Problem to solve: Retype, word for word, only the lines from the one containing "Bruiloft Collectie wit met Strass accenten" through the last line of the listing below. Pictures do not belong in the result.

Raw data:
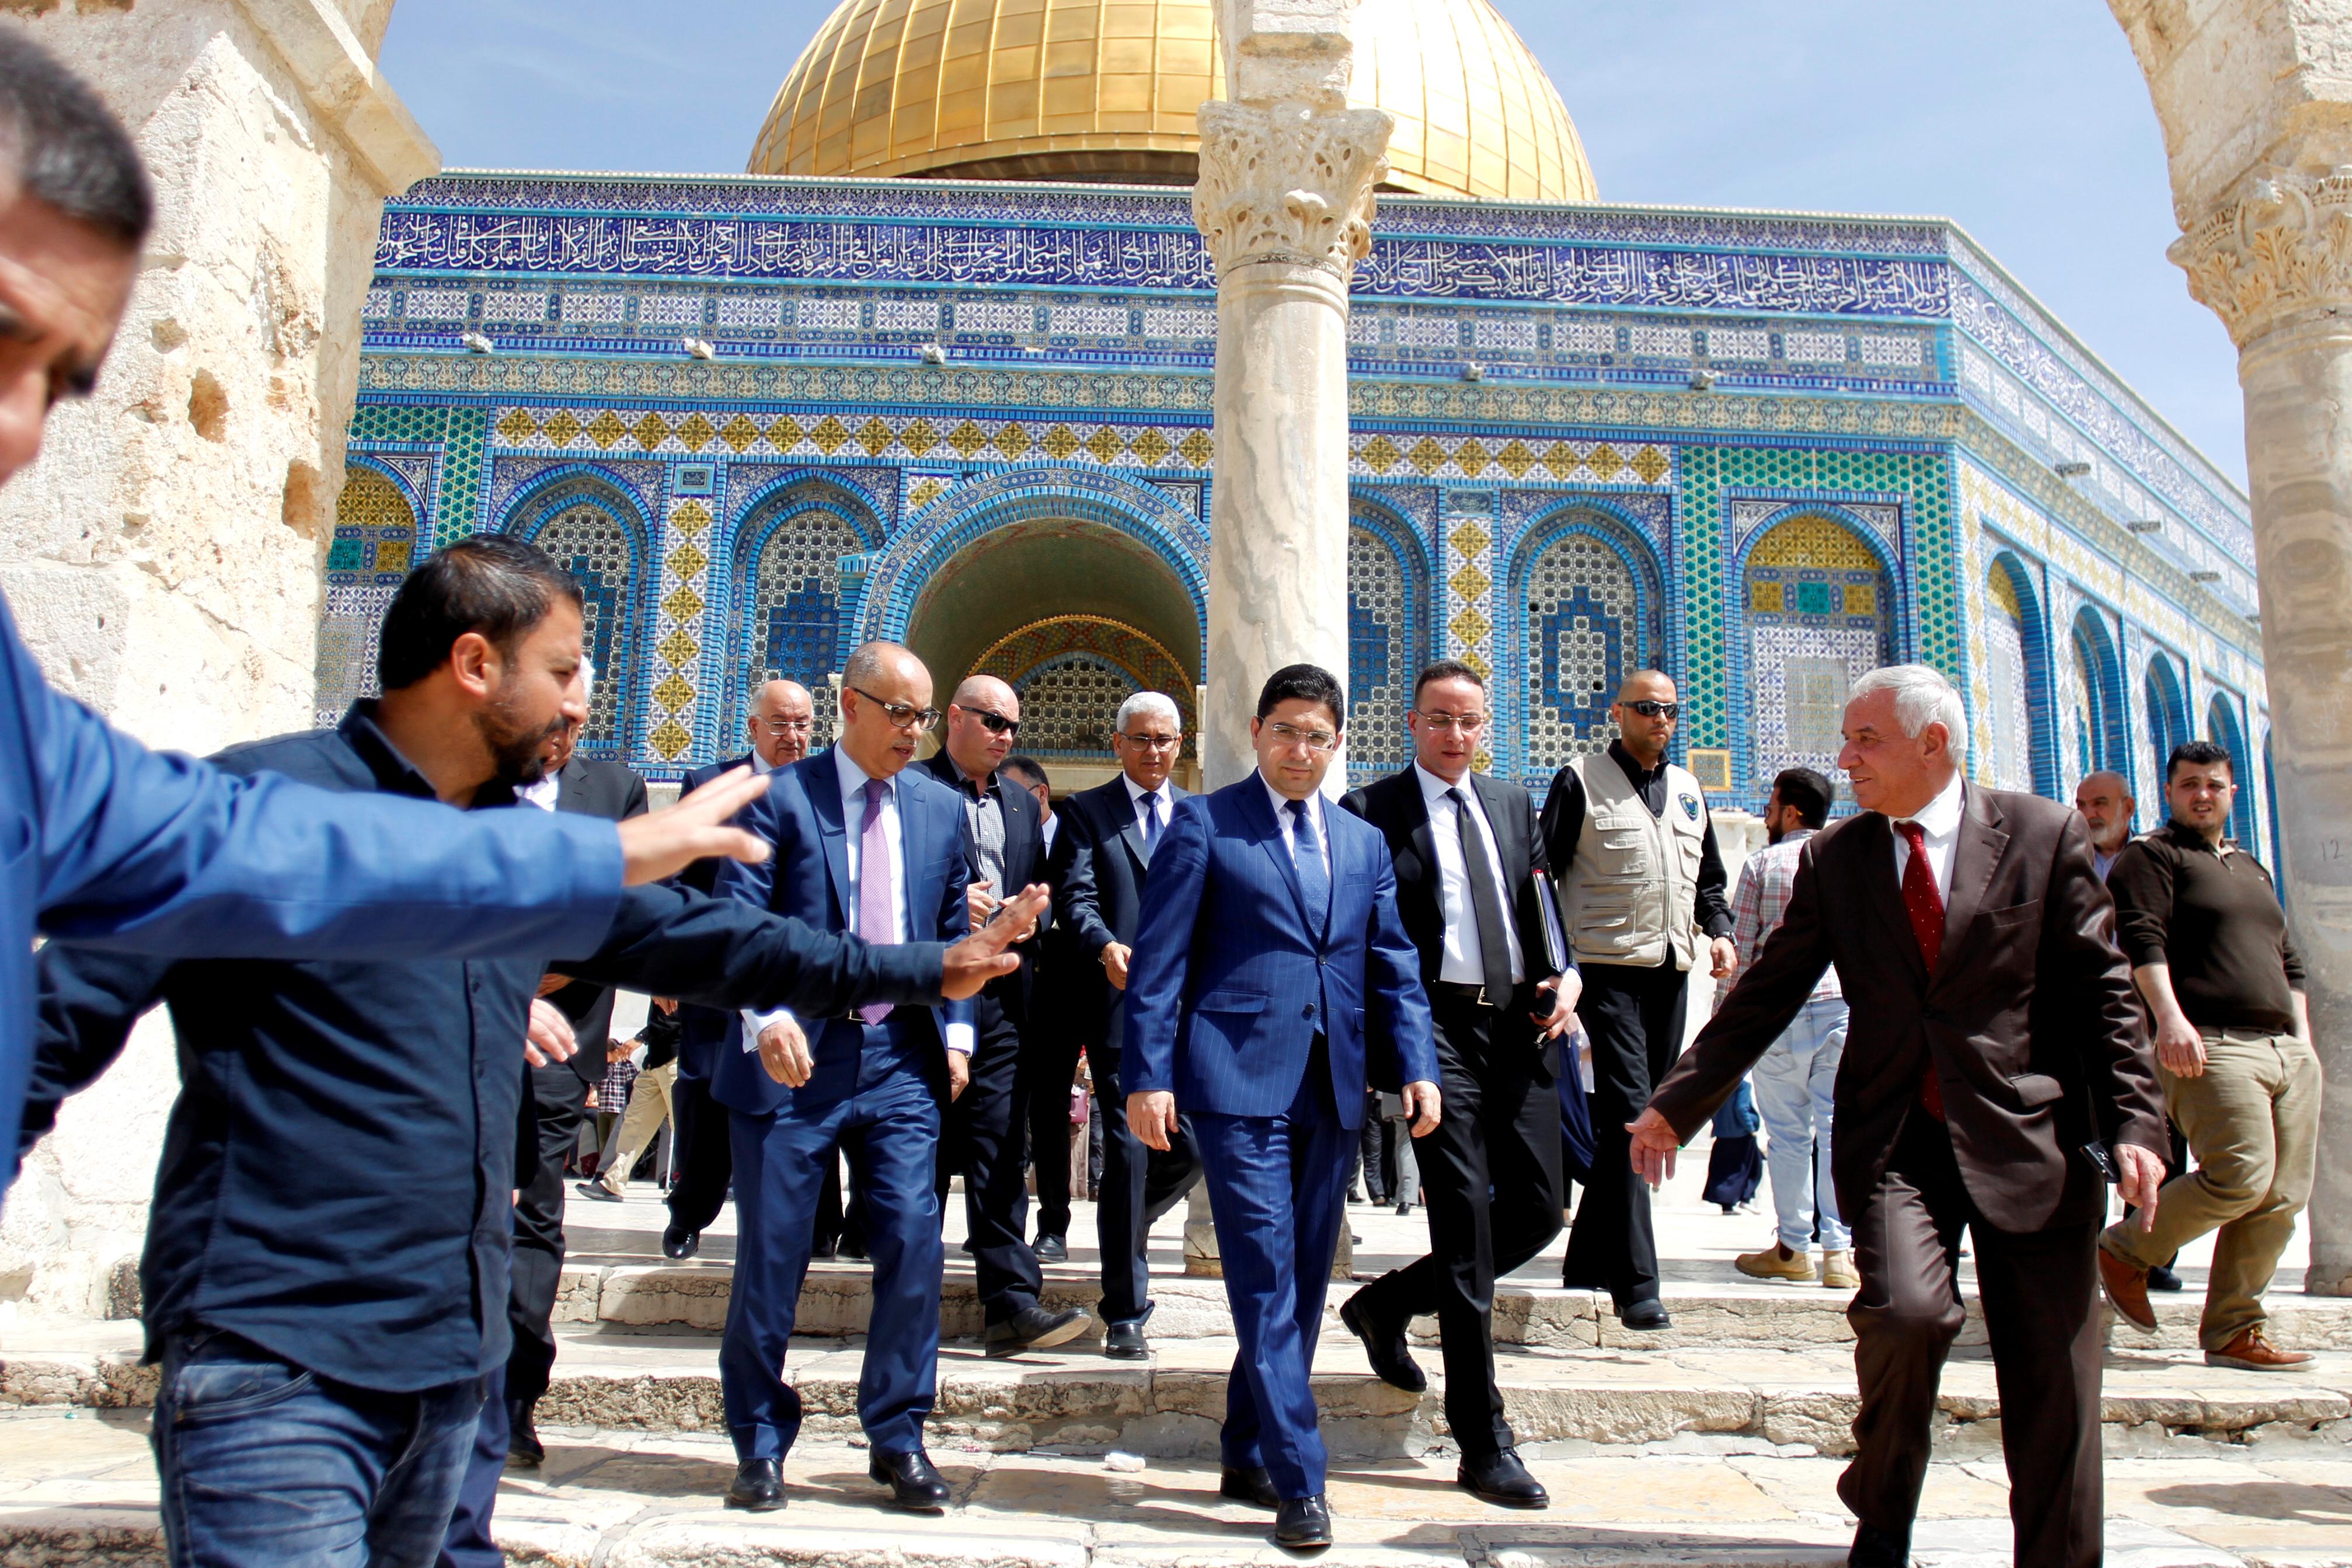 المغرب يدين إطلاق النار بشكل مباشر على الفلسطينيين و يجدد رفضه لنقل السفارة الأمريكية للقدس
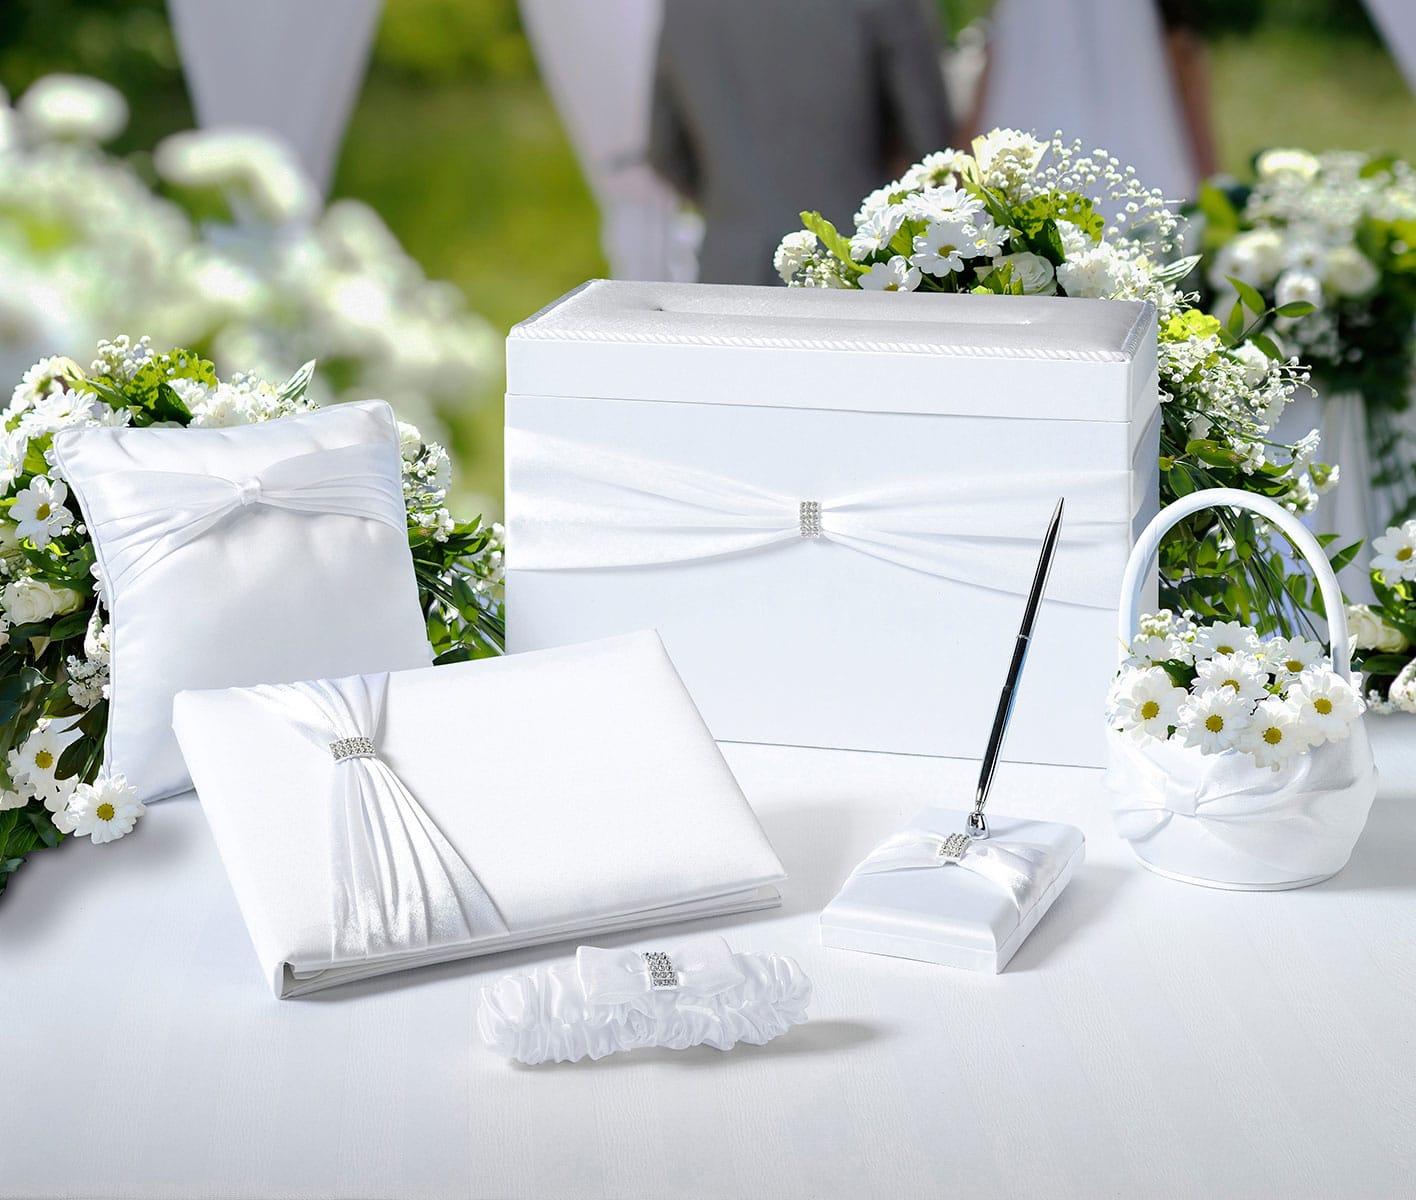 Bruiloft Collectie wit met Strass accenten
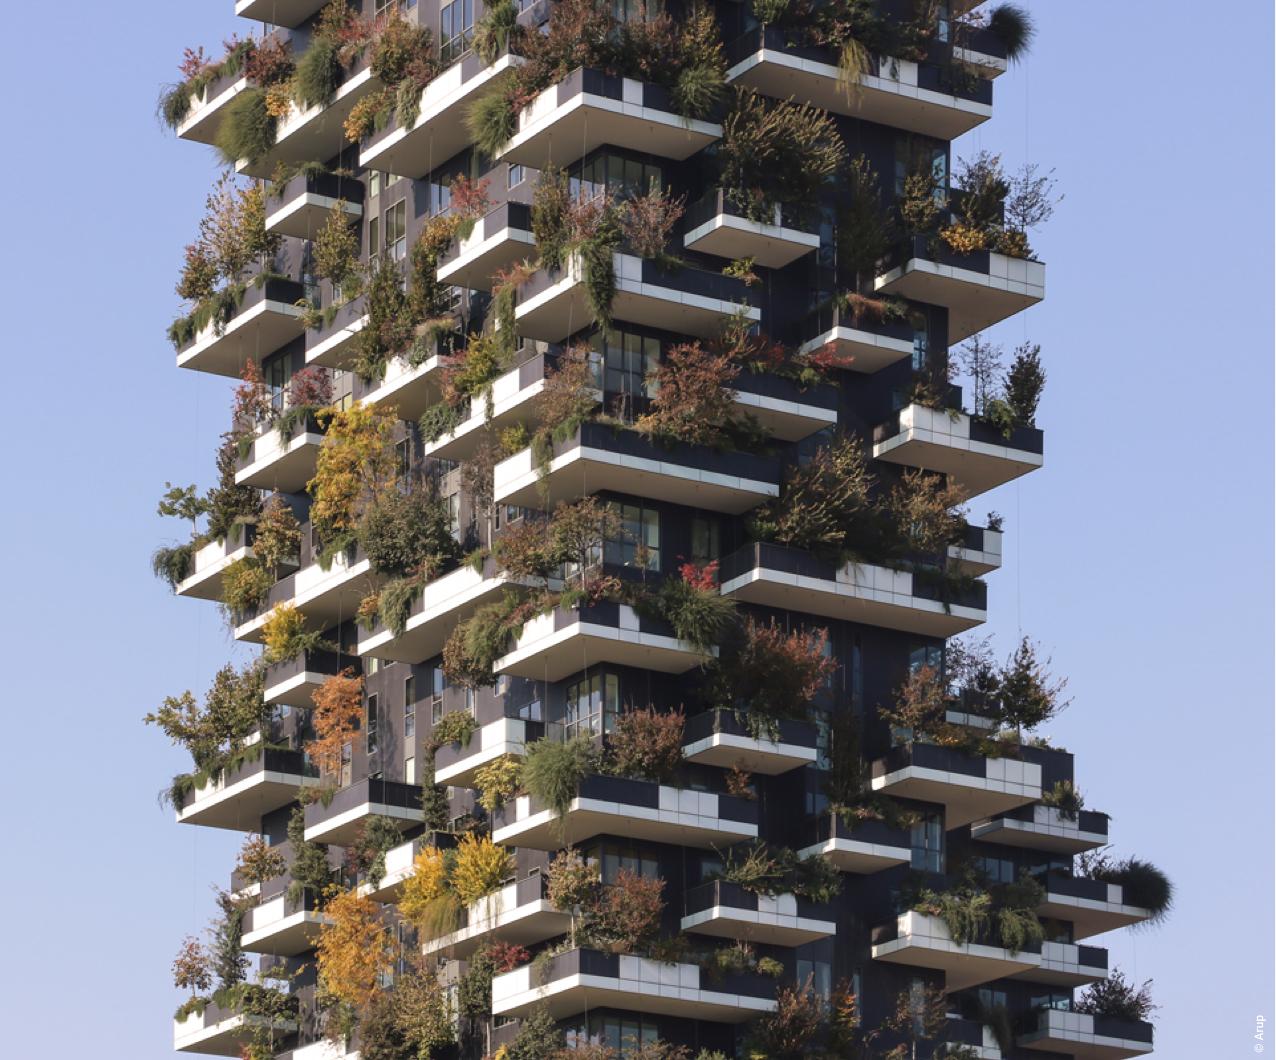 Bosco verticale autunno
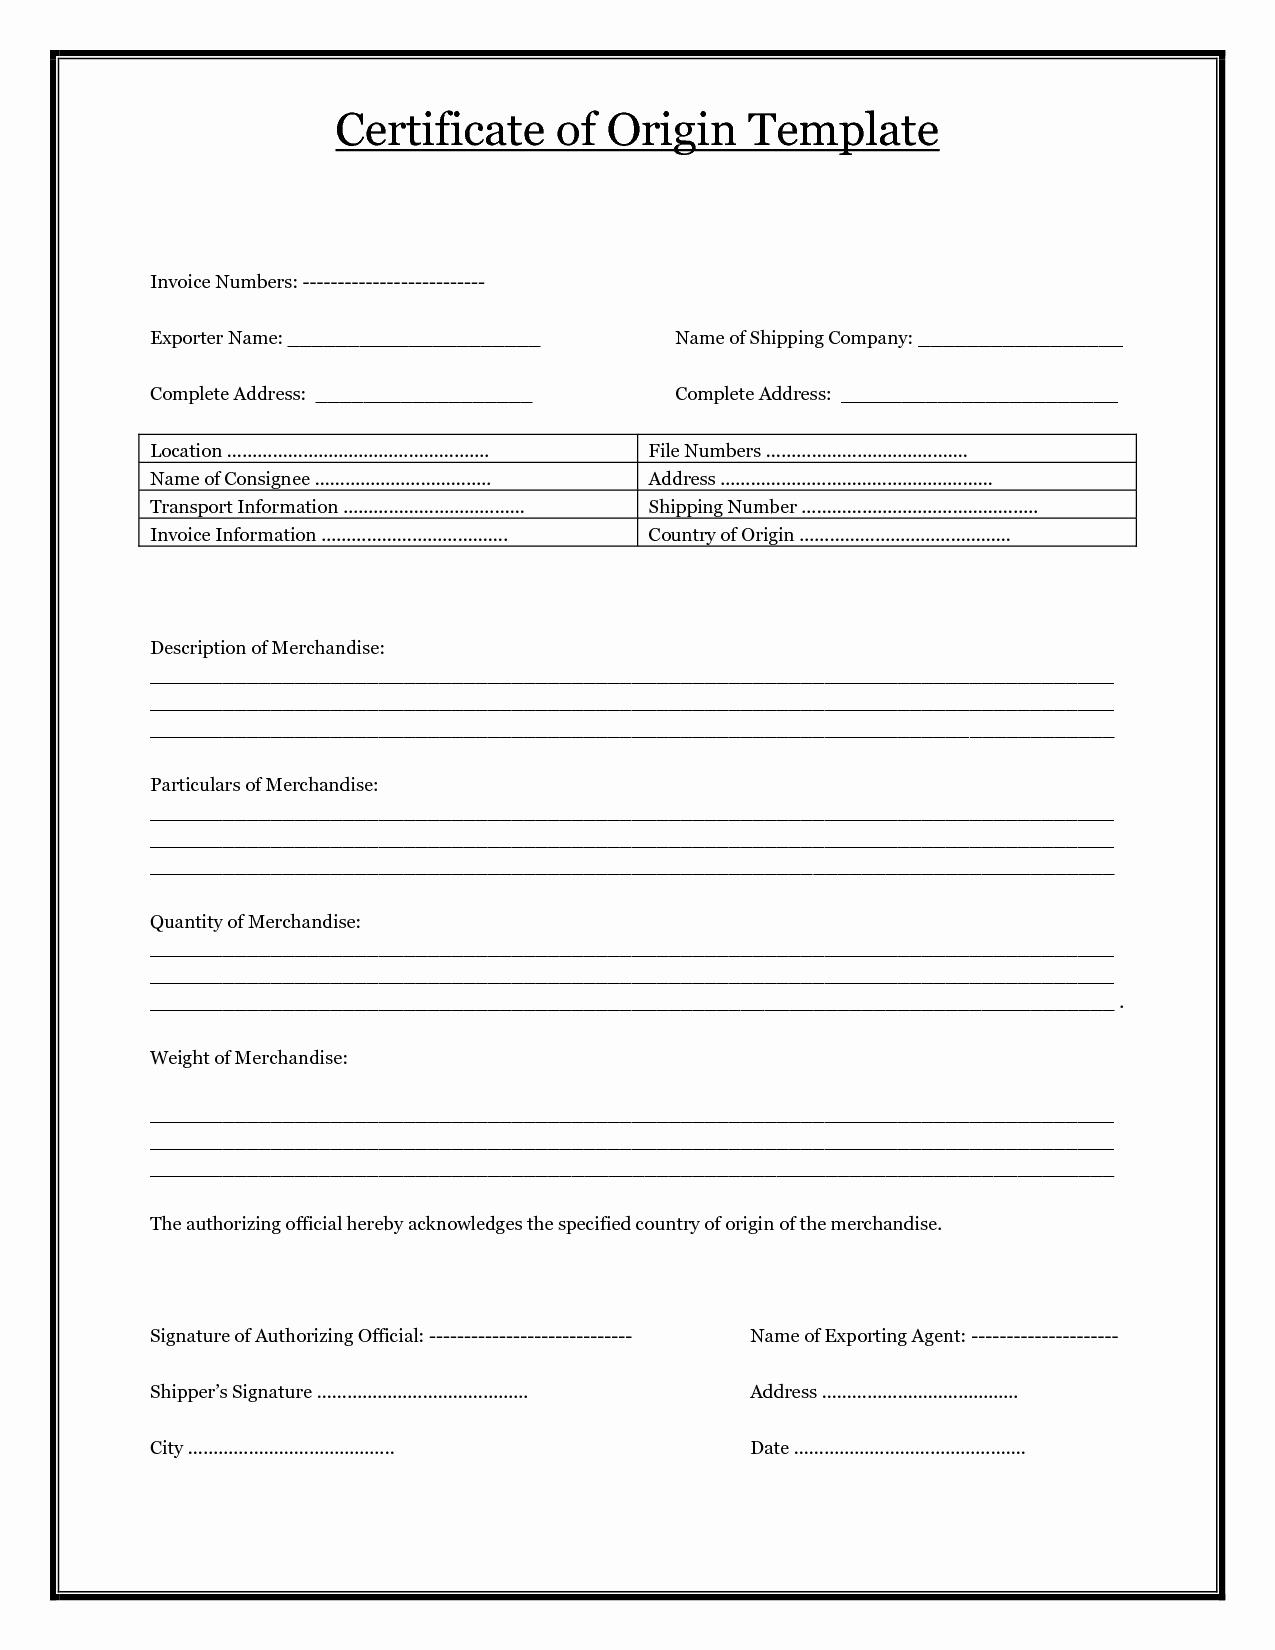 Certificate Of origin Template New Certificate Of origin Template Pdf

Solution:
 Bruiloft Collectie wit met Strass accenten
 Bosco verticale autunno
 Certificate Of origin Template New Certificate Of origin Template Pdf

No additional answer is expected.